MURPHY: I really credit Syfy and Trion. There was never pressure to put a square peg into a round hole. There’s a famous serenity prayer – “Give me the ability to change the things I can, endure the things I can’t and the wisdom to know the difference.” The Trion guys are brilliant. We work really hard to be good partners for them; I believe they work really hard to be good partners for us. I can’t control what the public thinks of my own TV show, much less what the public thinks of the videogame. All I can do is, for my part of the cog, and this is sort of the Wikipedia theory, for my part, I’m going to do the best that I can to make excellent television that people can’t wait to watch more of. Tony Curran is going to learn his lines and he’s going to know the Castithan language inside and out. David Peterson is going to make amazing languages for Tony Curran to say, Michael Nankin is going to challenge the universe to bring on the box, and altogether, the hope is that, like Wikipedia, it turns into something special. Because Wikipedia only works because everybody involved is so passionate about it, but nobody who contributes to Wikipedia controls other people on Wikipedia, except to a certain degree. And that’s what we’re trying to do [in interacting with the videogame side of DEFIANCE].

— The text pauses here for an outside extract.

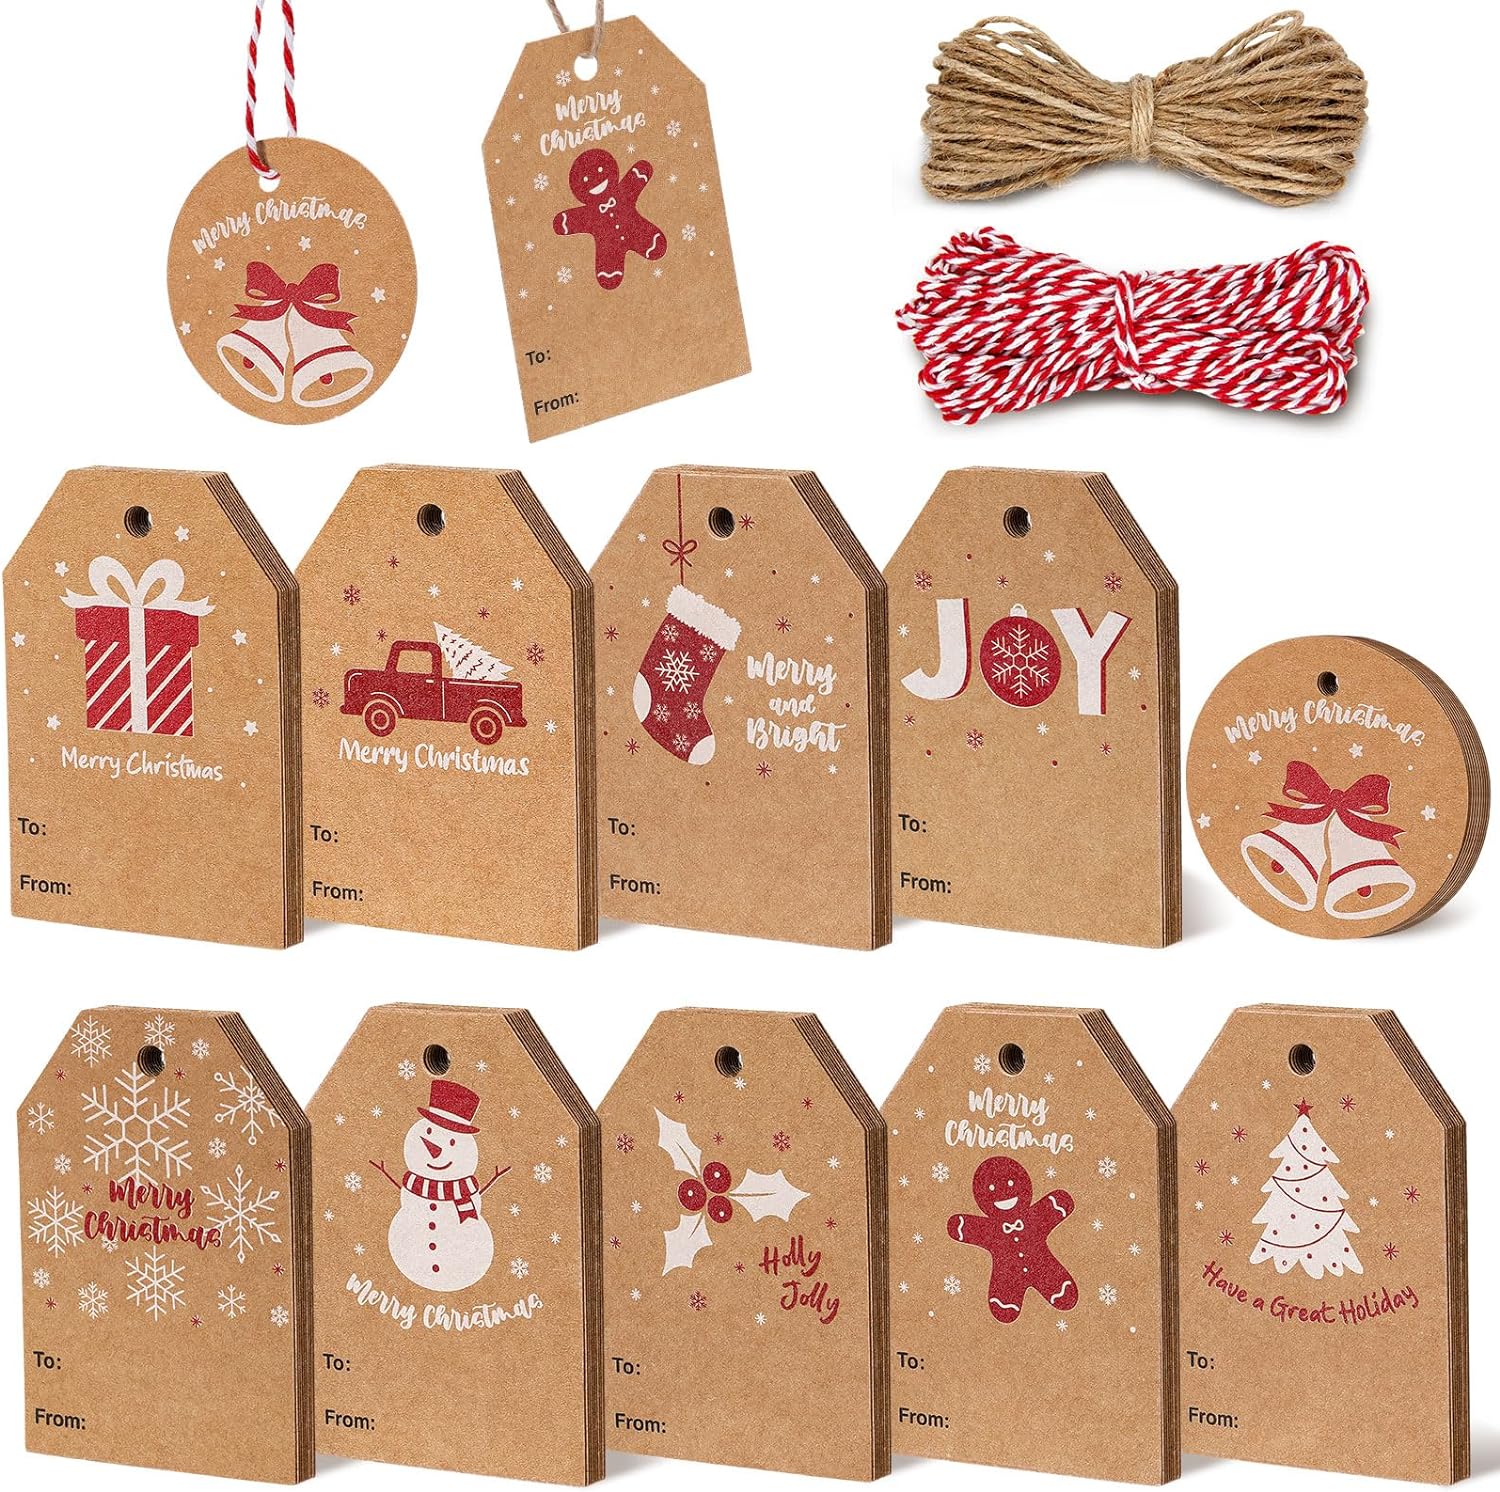 Blisstime 100PCS Christmas Gift Tags with String Twine for Gift Wrapping, Brown Kraft Gift Tags for Christmas Presents, Snowflake Snowman Holiday Gift Tags Christmas
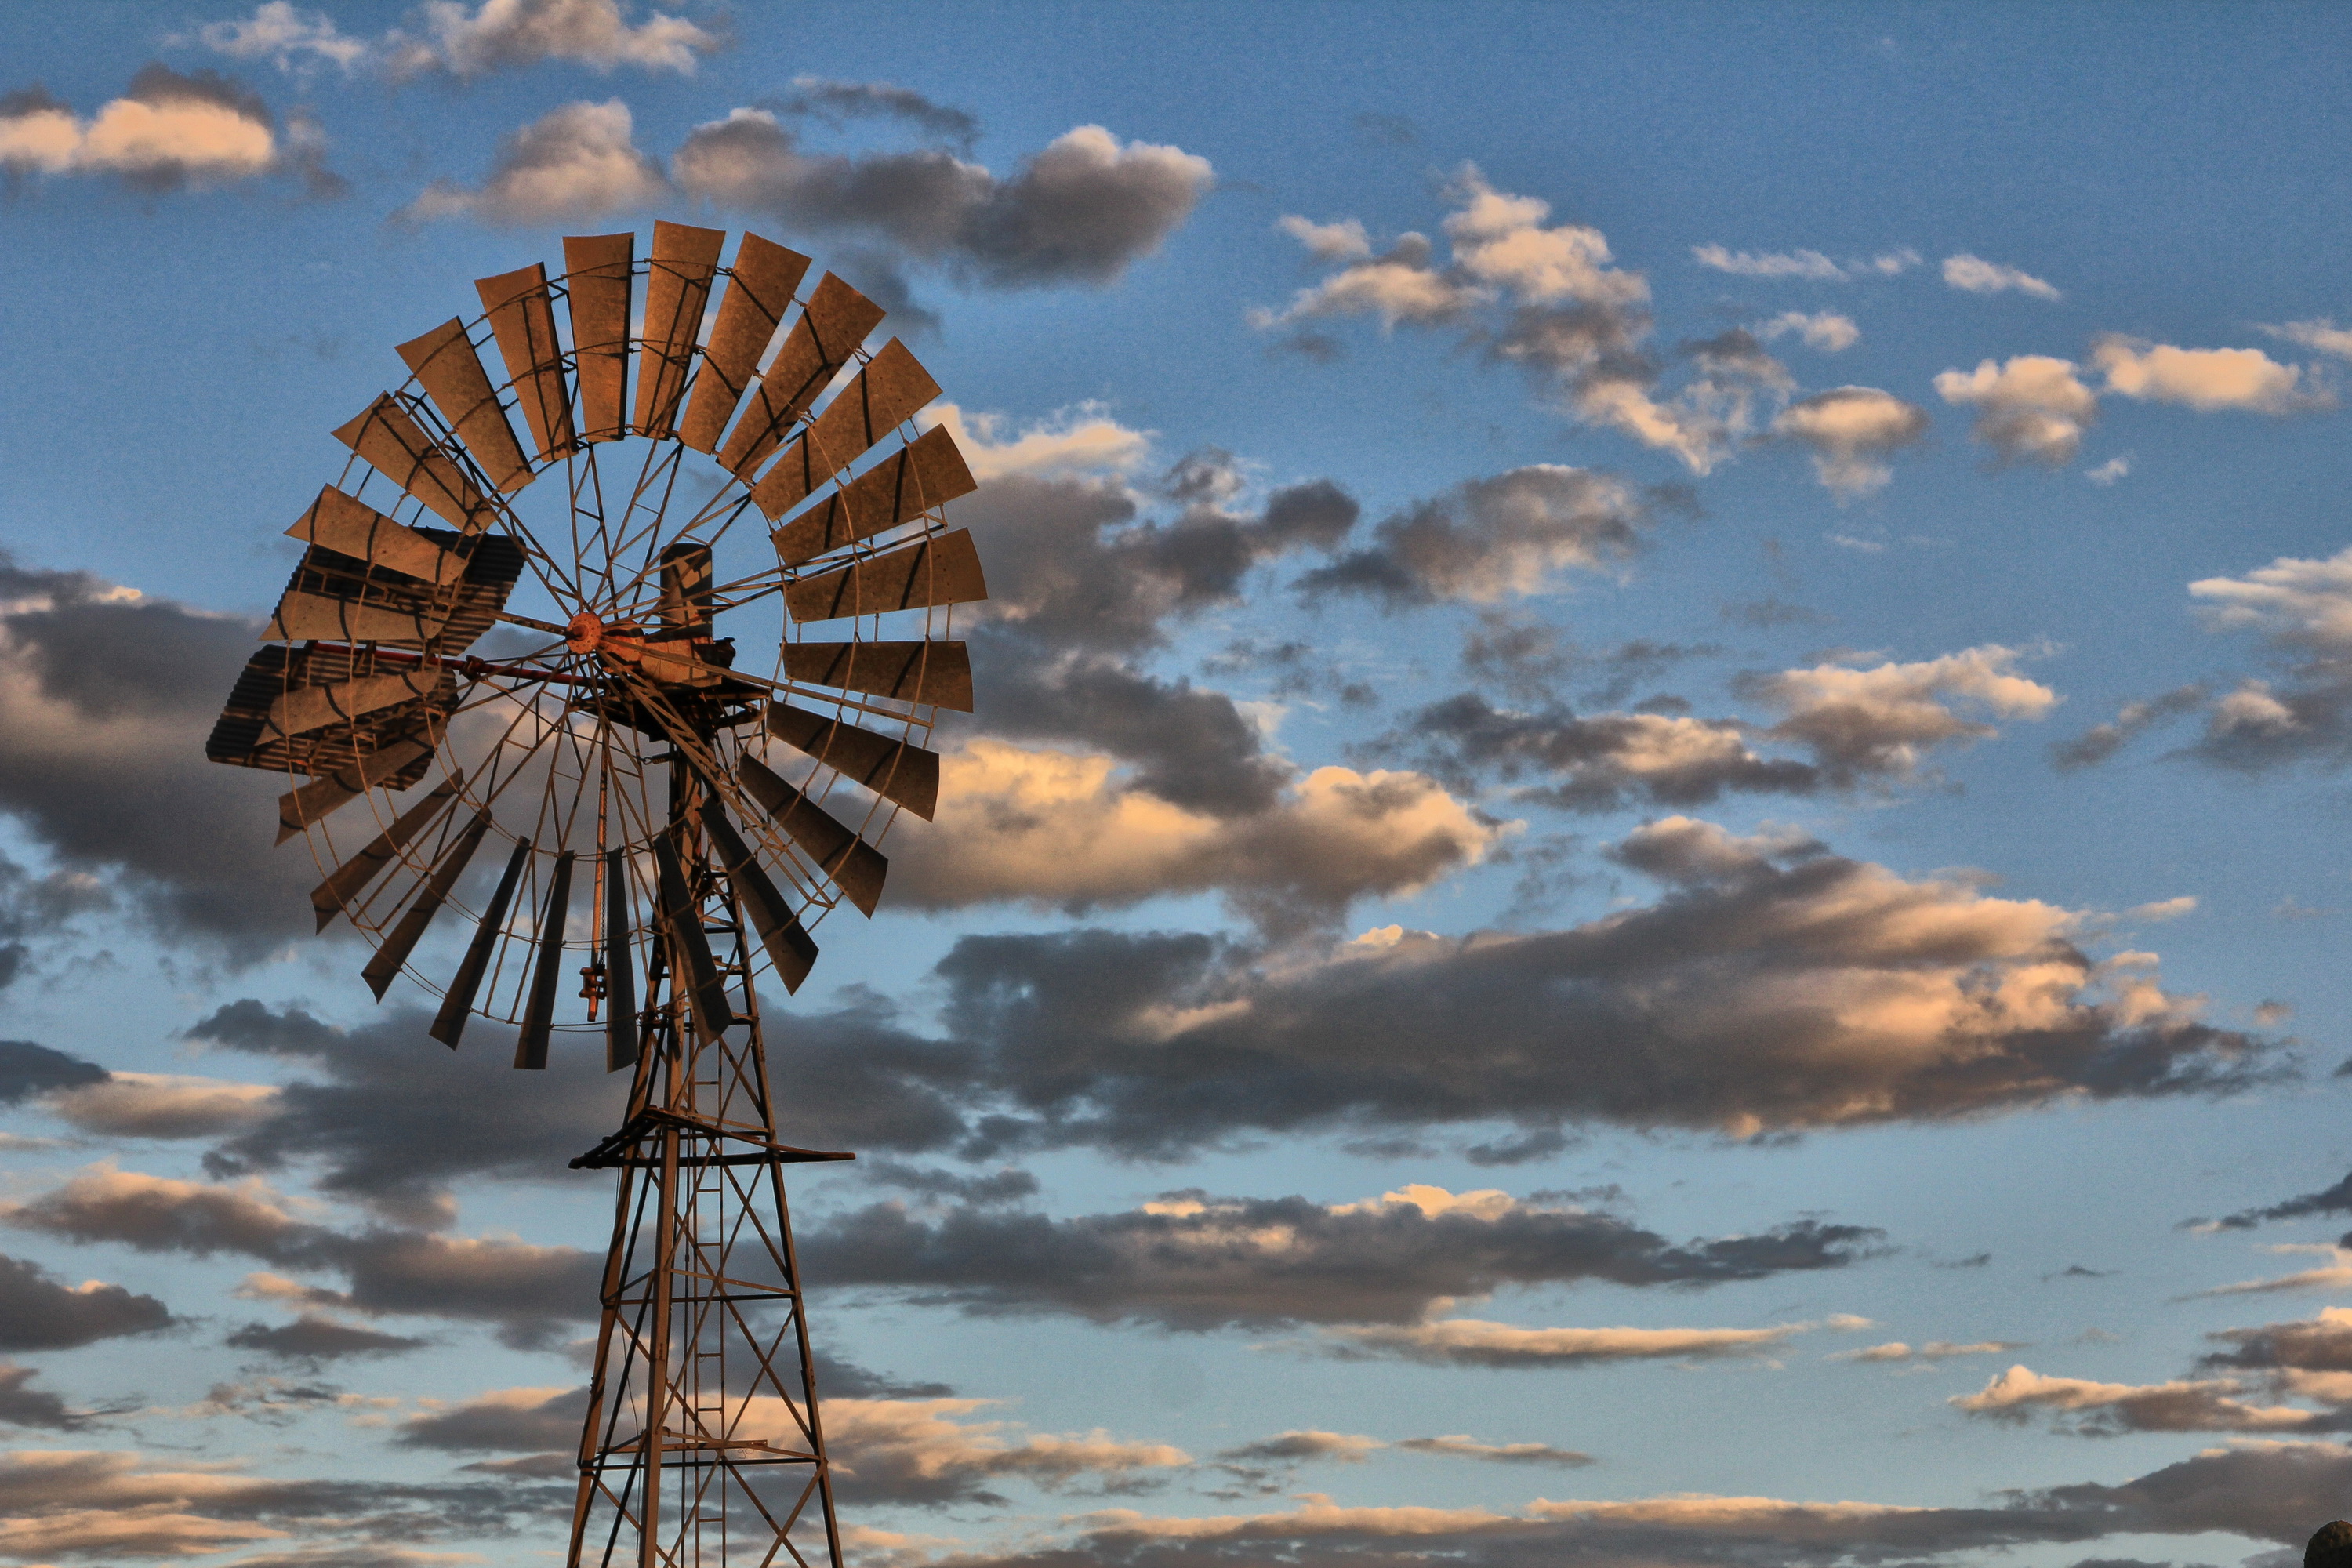 The Boomskraap wind pump at the end of day. Image: Chris Marais

I really felt – and I give credit to Mark Stern – that we had to coexist peacefully, but we had to make the show our own, because if we were trying to pander to a videogame, or what we think videogame people want to see, the show is going to suck. So in terms of where did that initially come from, the people that I was surrounded with – I’m inspired by them and when I see how badly they want to make something great, yeah, I want to do the same thing. I want to make something that aspires to be about something bigger. I don’t want to do a cheap shoddy genre show. I want to do something that people who don’t like genre will enjoy, because it’s universal.
AX: How much lead time do you need to shoot whatever in the show has been affected by events in the game?
MURPHY: We plan it all very far in advance. Trion does their job well, and we do ours well. So we agreed many, many, many weeks in advance that in Episode Seven, X is our crossover event. Episode Eight, X is our crossover event.” We try to have every episode, something goes from the game into the show, something goes from the show into the game, and then we identify a crossover element. And when I edit, I try to not take those things out of the cut whenever possible.
AX: What percentage of the TV series is affected by the game?
MURPHY: In some episodes, it’s a tiny thing. Let me give you an example. One of the big monsters that you fight in the videogame [is the] Hellbug. We have a Hellbug episode, and just the presence of the Hellbugs and the fact that they’re being used as a murder weapon and why and how that affects what’s going on in the motivations, that is a crossover for one episode. Then we have more elaborate ones, where we have an event in which the players are involved with doing something, and when they achieve their objective, it has the unexpected side effect of creating something that then creates a problem which launches us into the next episode of DEFIANCE. And because we know that in June, that’s when that storyline is going on in the videogame, we know that our episode that airs the next week has to reflect that. And then we go back, and at the end of that episode, there’s another element.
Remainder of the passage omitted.